Chapter 3 of 17 · 3730 words · ~19 min read

Part 3

She was interesting; I could imagine that she had lost parents, natural protectors--could conceive even that she had inherited money. I was in a phase of my own fortunes when keeping hansoms at doors seemed to me pure swagger. As a trick of this frank and delicate girl, however, it became romantic--a part of the general romance of her freedom, her errand, her innocence. The confidence of young Americans was notorious, and I speedily arrived at a conviction that no impulse could have been more generous than the impulse that had operated here. I foresaw at that moment that it would make her my peculiar charge, just as circumstances had made Neil Paraday. She would be another person to look after, and one's honour would be concerned in guiding her straight. These things became clearer to me later; at the instant I had scepticism enough to observe to her, as I turned the pages of her volume, that her net had, all the same, caught many a big fish. She appeared to have had fruitful access to the great ones of the earth; there were people moreover whose signatures she had presumably secured without a personal interview. She couldn't have waylaid George Washington and Friedrich Schiller and Hannah More. She met this argument, to my surprise, by throwing up the album without a pang. It wasn't even her own; she was responsible for none of its treasures. It belonged to a girl-friend in America, a young lady in a western city. This young lady had insisted on her bringing it, to pick up more autographs: she thought they might like to see, in Europe, in what company they would be. The "girl-friend," the western city, the immortal names, the curious errand, the idyllic faith, all made a story as strange to me, and as beguiling, as some tale in the Arabian Nights. Thus it was that my informant had encumbered herself with the ponderous tome; but she hastened to assure me that this was the first time she had brought it out. For her visit to Mr. Paraday it had simply been a pretext. She didn't really care a straw that he should write his name; what she did want was to look straight into his face.

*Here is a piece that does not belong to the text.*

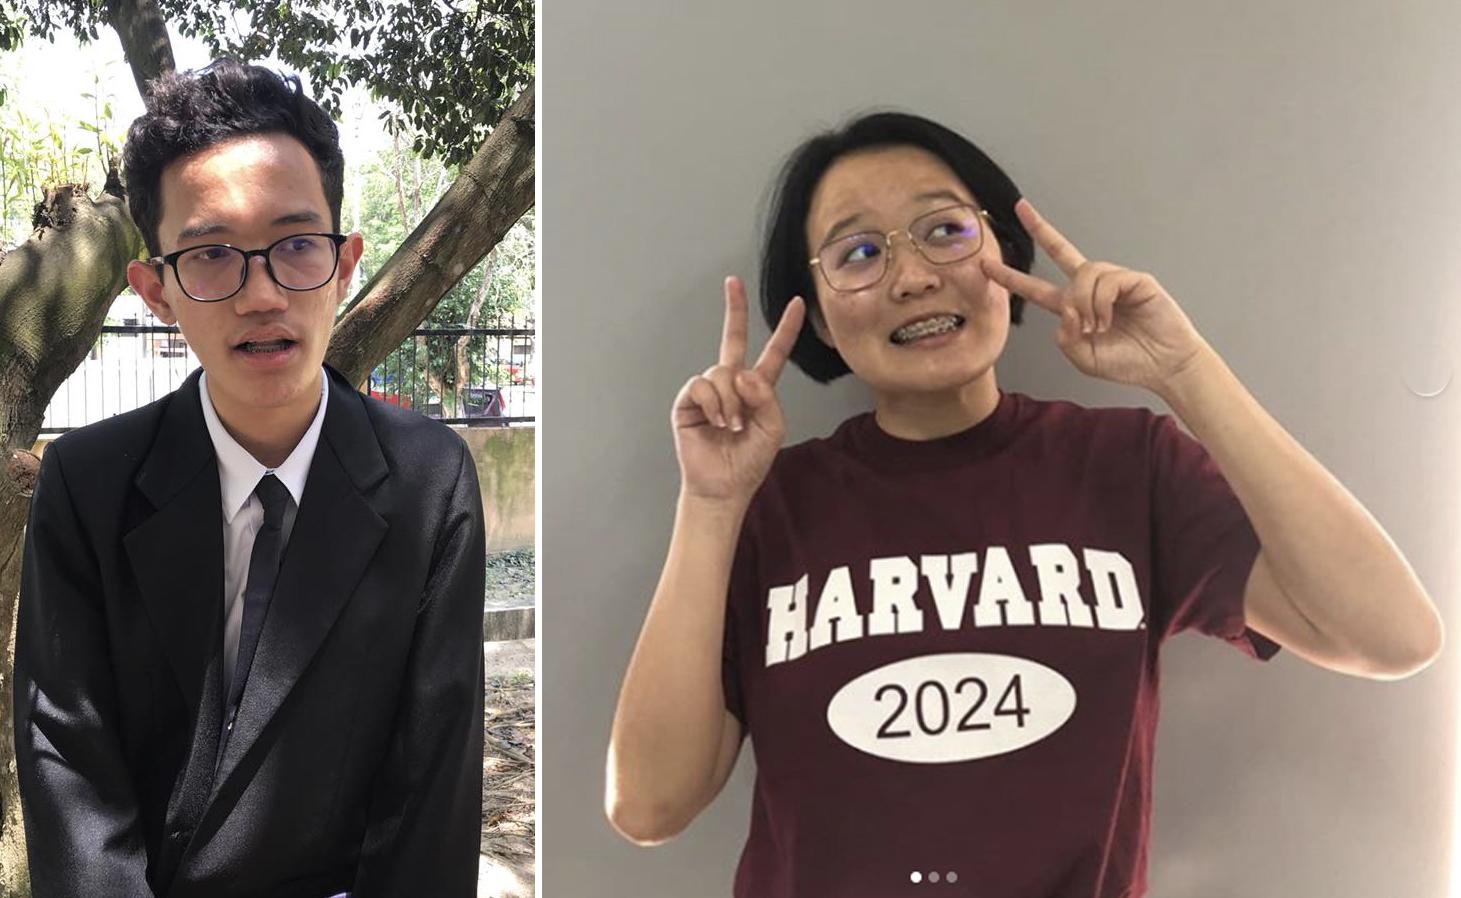 Congratulations, both of you.

I demurred a little. "And why do you require to do that?"

"Because I just love him!" Before I could recover from the agitating effect of this crystal ring my companion had continued: "Hasn't there ever been any face that you've wanted to look into?"

How could I tell her so soon how much I appreciated the opportunity of looking into hers? I could only assent in general to the proposition that there were certainly for everyone such faces; and I felt that the crisis demanded all my lucidity, all my wisdom. "Oh, yes, I'm a student of physiognomy. Do you mean," I pursued, "that you've a passion for Mr. Paraday's books?"

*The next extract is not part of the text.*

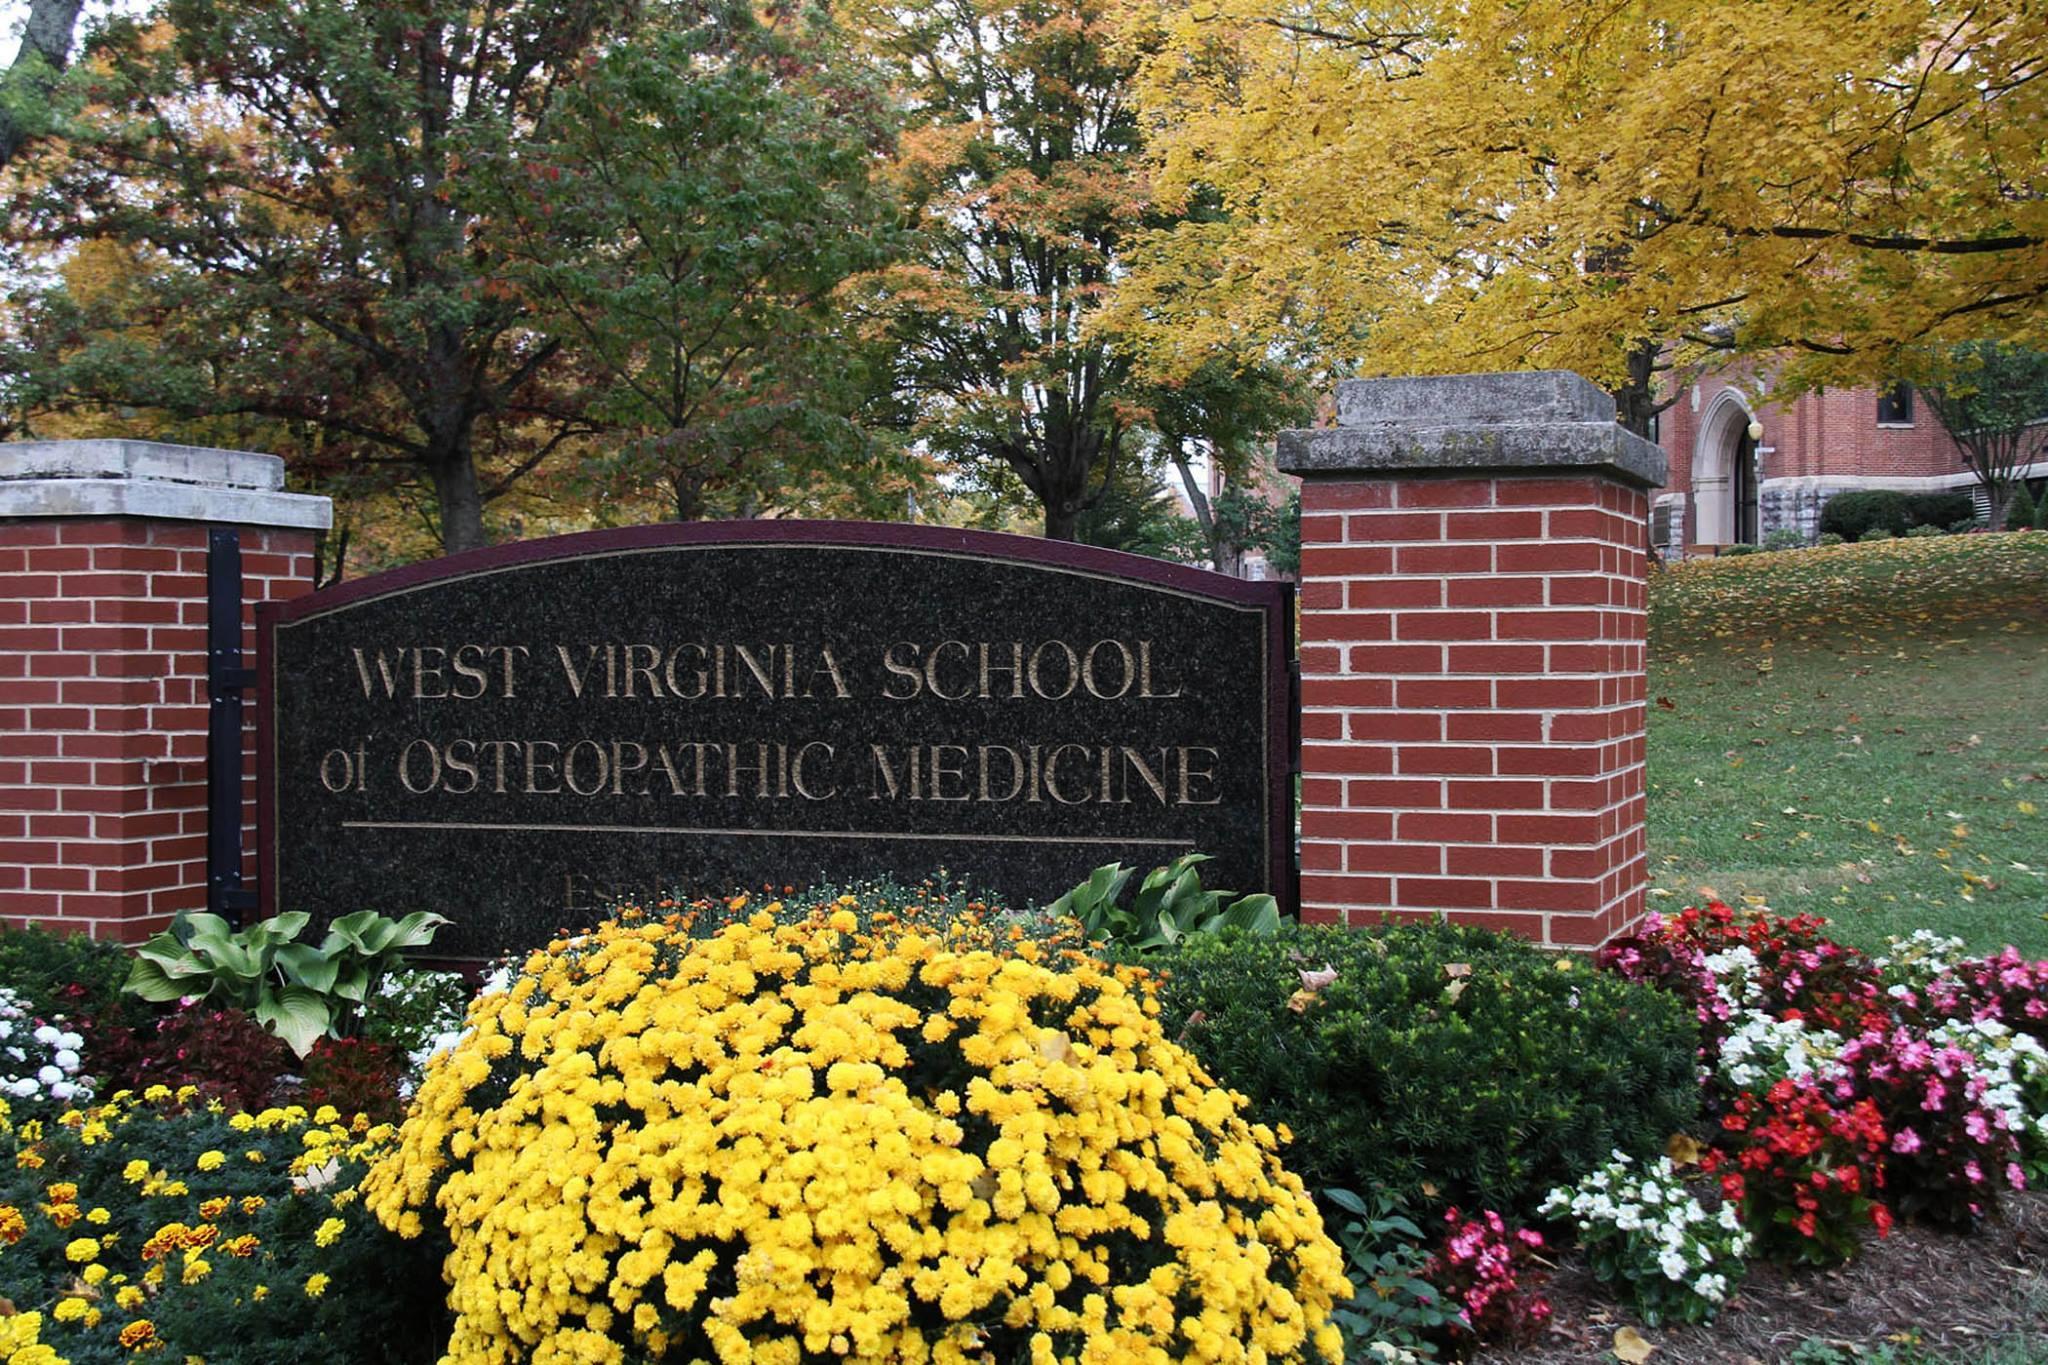 West Virginia School of Osteopathic Medicine image 2

"They've been everything to me--I know them by heart. They've completely taken hold of me. There's no author about whom I feel as I do about Neil Paraday."

"Permit me to remark then," I presently rejoined, "that you're one of the right sort."

"One of the enthusiasts? Of course I am!"

"Oh, there are enthusiasts who are quite of the wrong. I mean you're one of those to whom an appeal can be made."

"An appeal?" Her face lighted as if with the chance of some great sacrifice.

If she was ready for one it was only waiting for her, and in a moment I mentioned it. "Give up this rigid purpose of seeing him. Go away without it. That will be far better."

She looked mystified; then she turned visibly pale. "Why, hasn't he any personal charm?" The girl was terrible and laughable in her bright directness.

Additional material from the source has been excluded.